• What you will do: Images should be omitted while the rest of the data is duplicated exactly.

• Dataset extract:
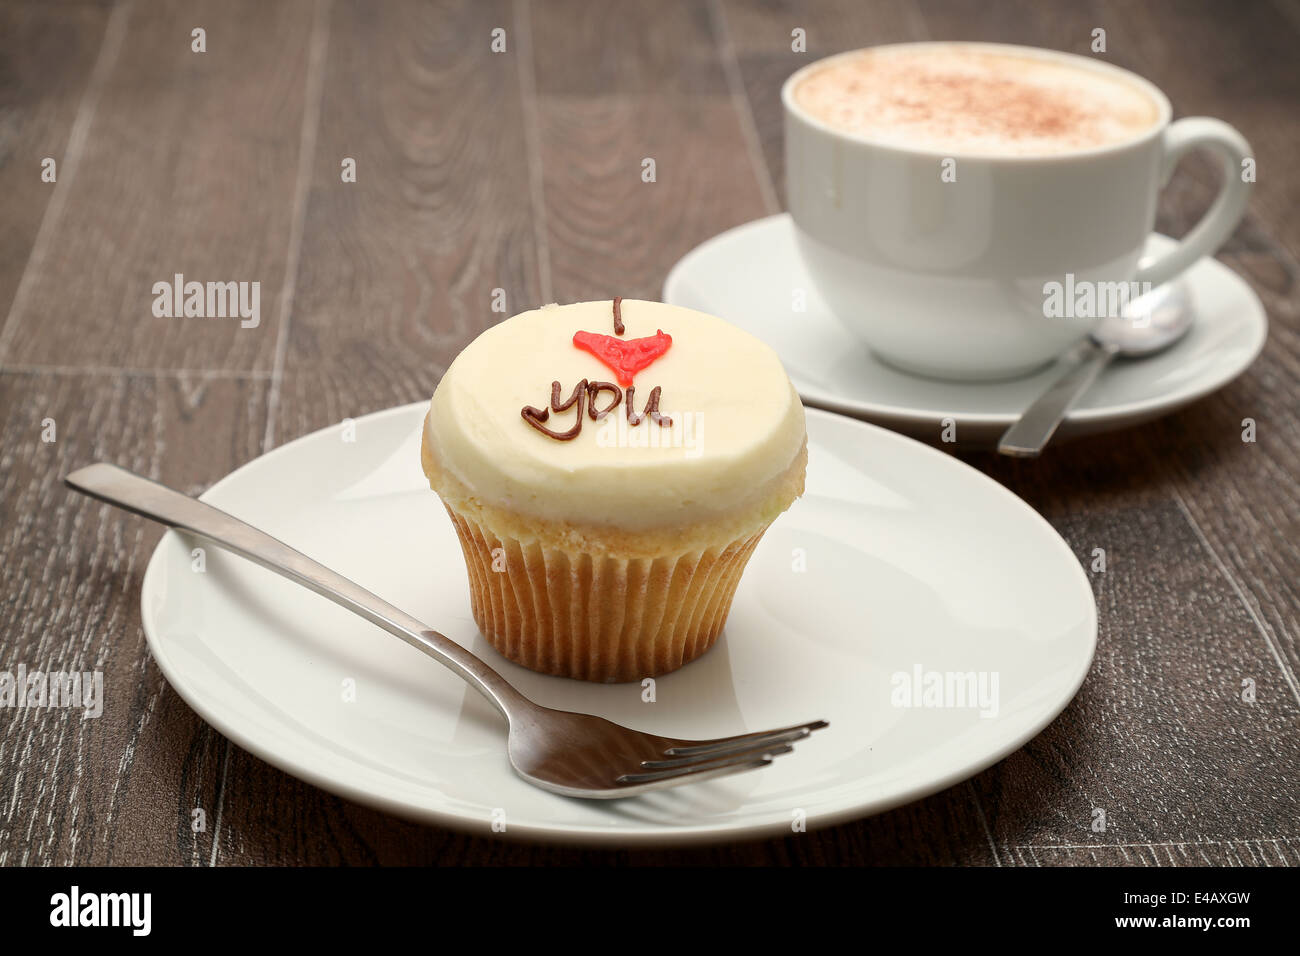 Una tortina guarnita con crema di burro la glassa con il messaggio "ti amo" , servita con un cappuccini, studio shoot Foto Stock
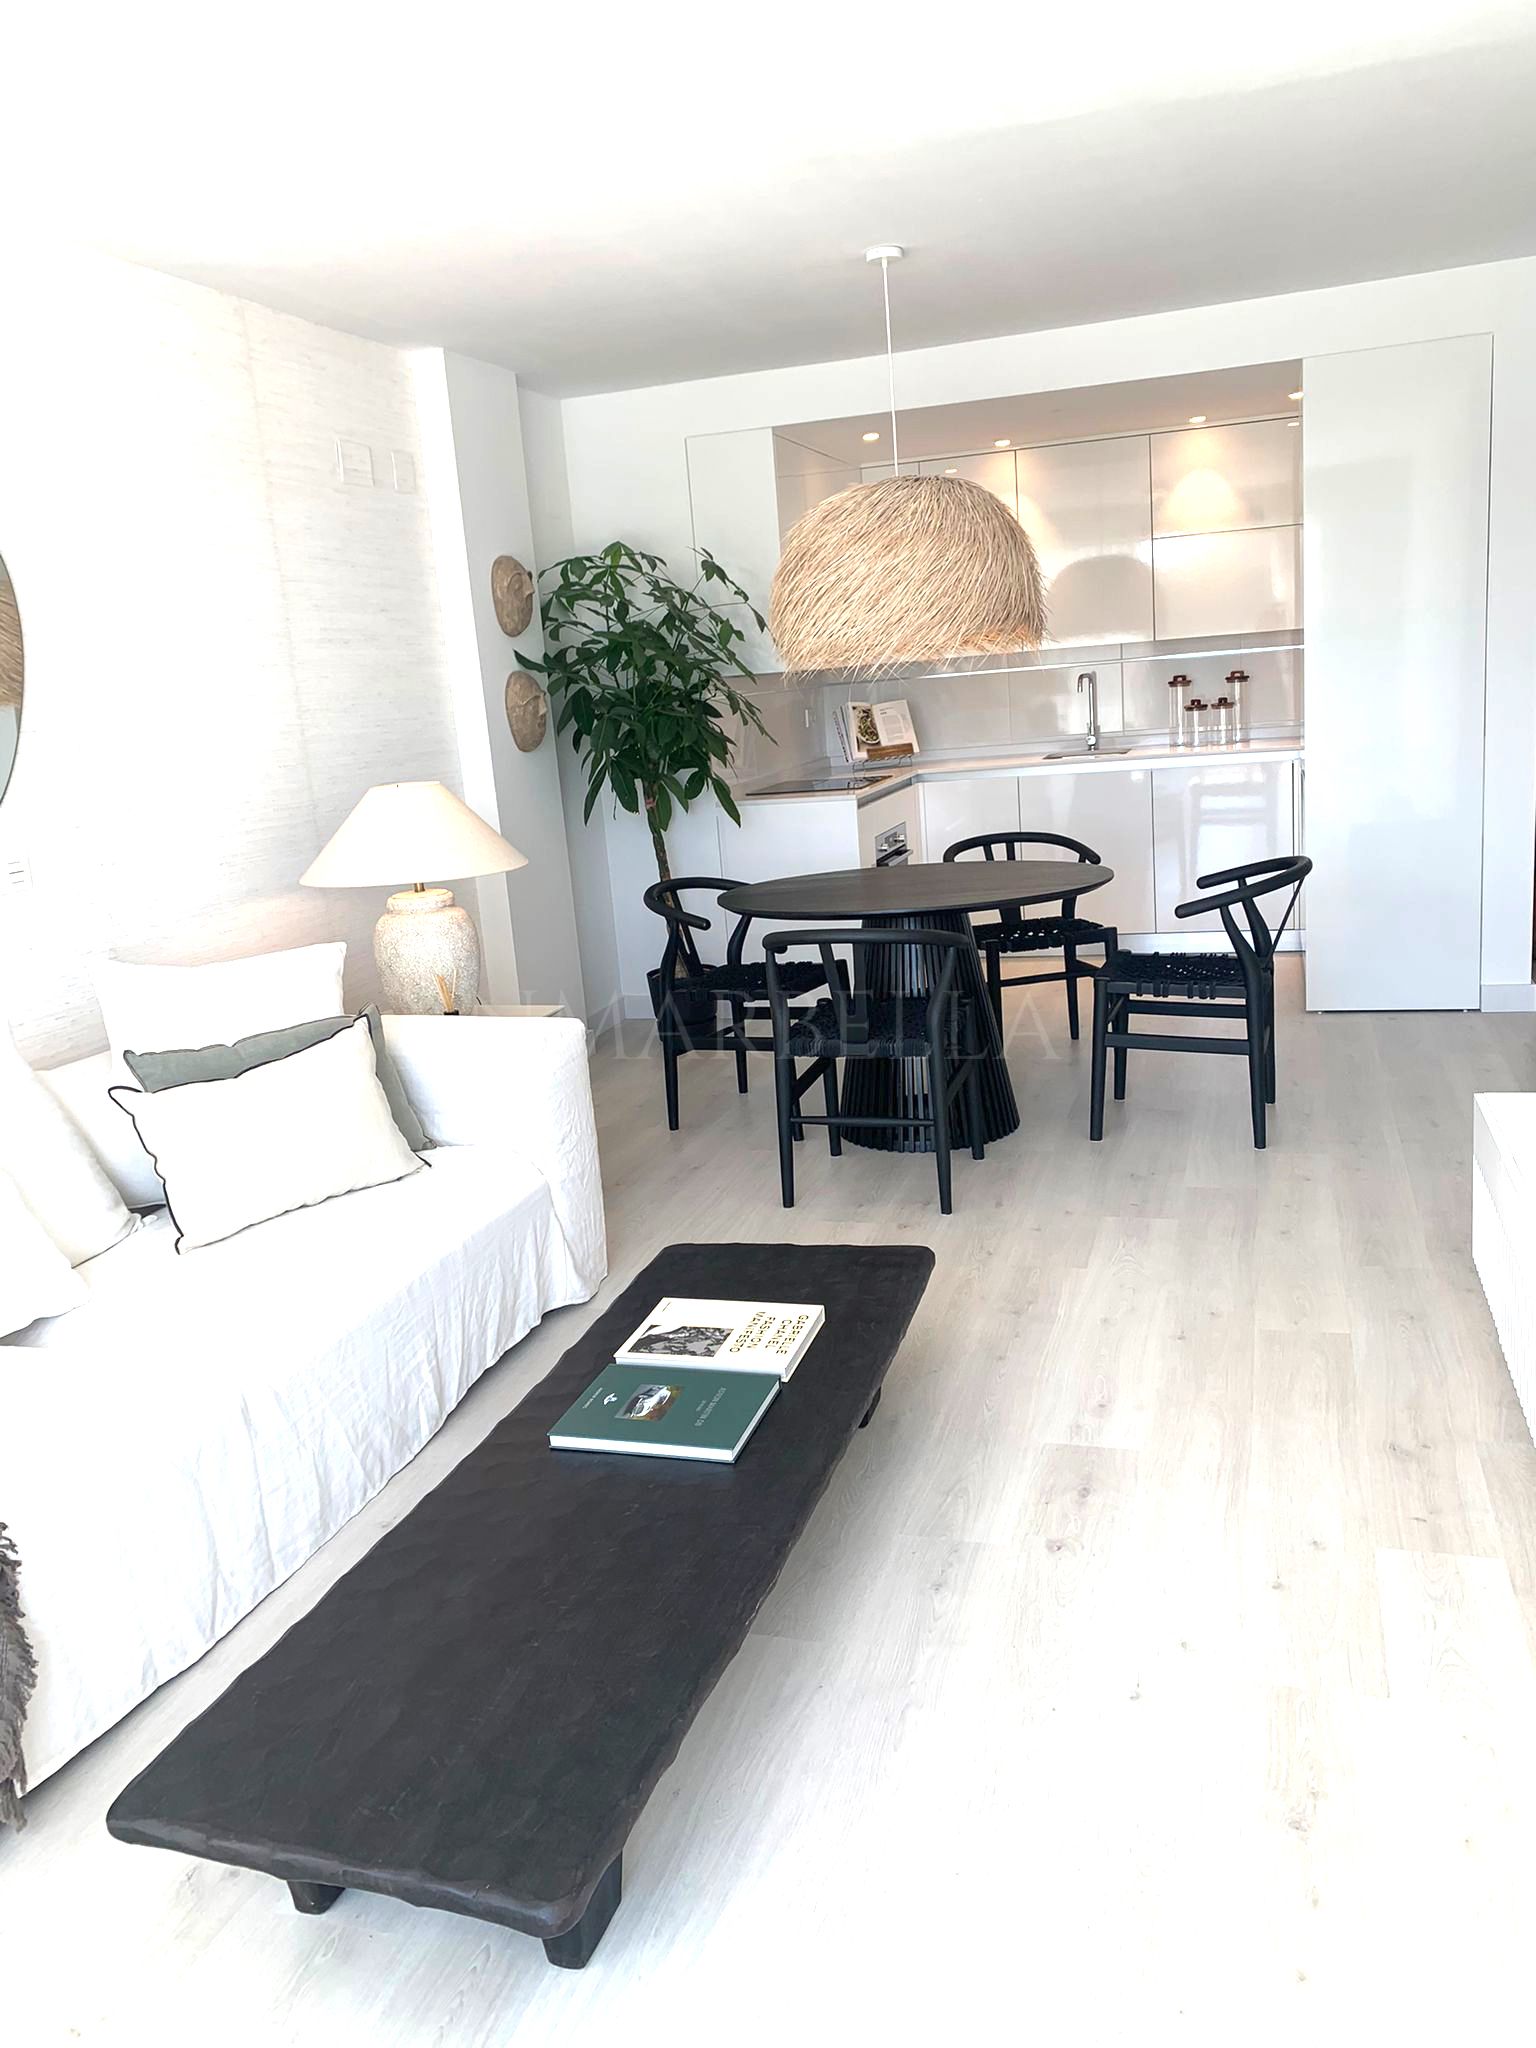 Apartamento nuevo en venta en Fuengirola
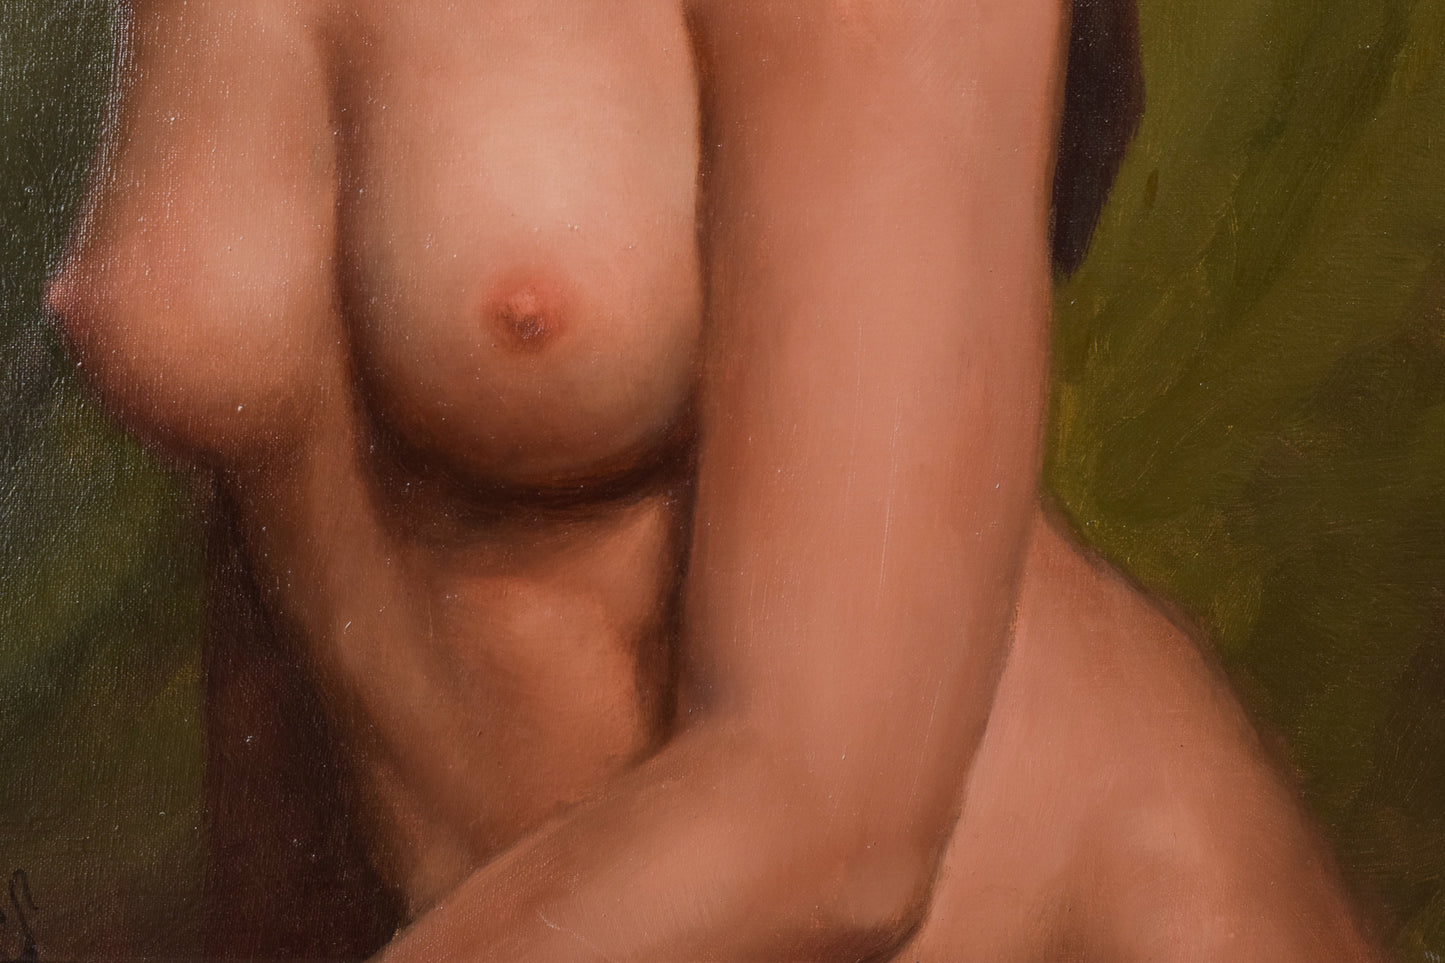 Jordi Bernaus - Nude Life Portrait

• Result below:
 Una tortina guarnita con crema di burro la glassa con il messaggio "ti amo" , servita con un cappuccini, studio shoot Foto Stock
 Apartamento nuevo en venta en Fuengirola
 Jordi Bernaus - Nude Life Portrait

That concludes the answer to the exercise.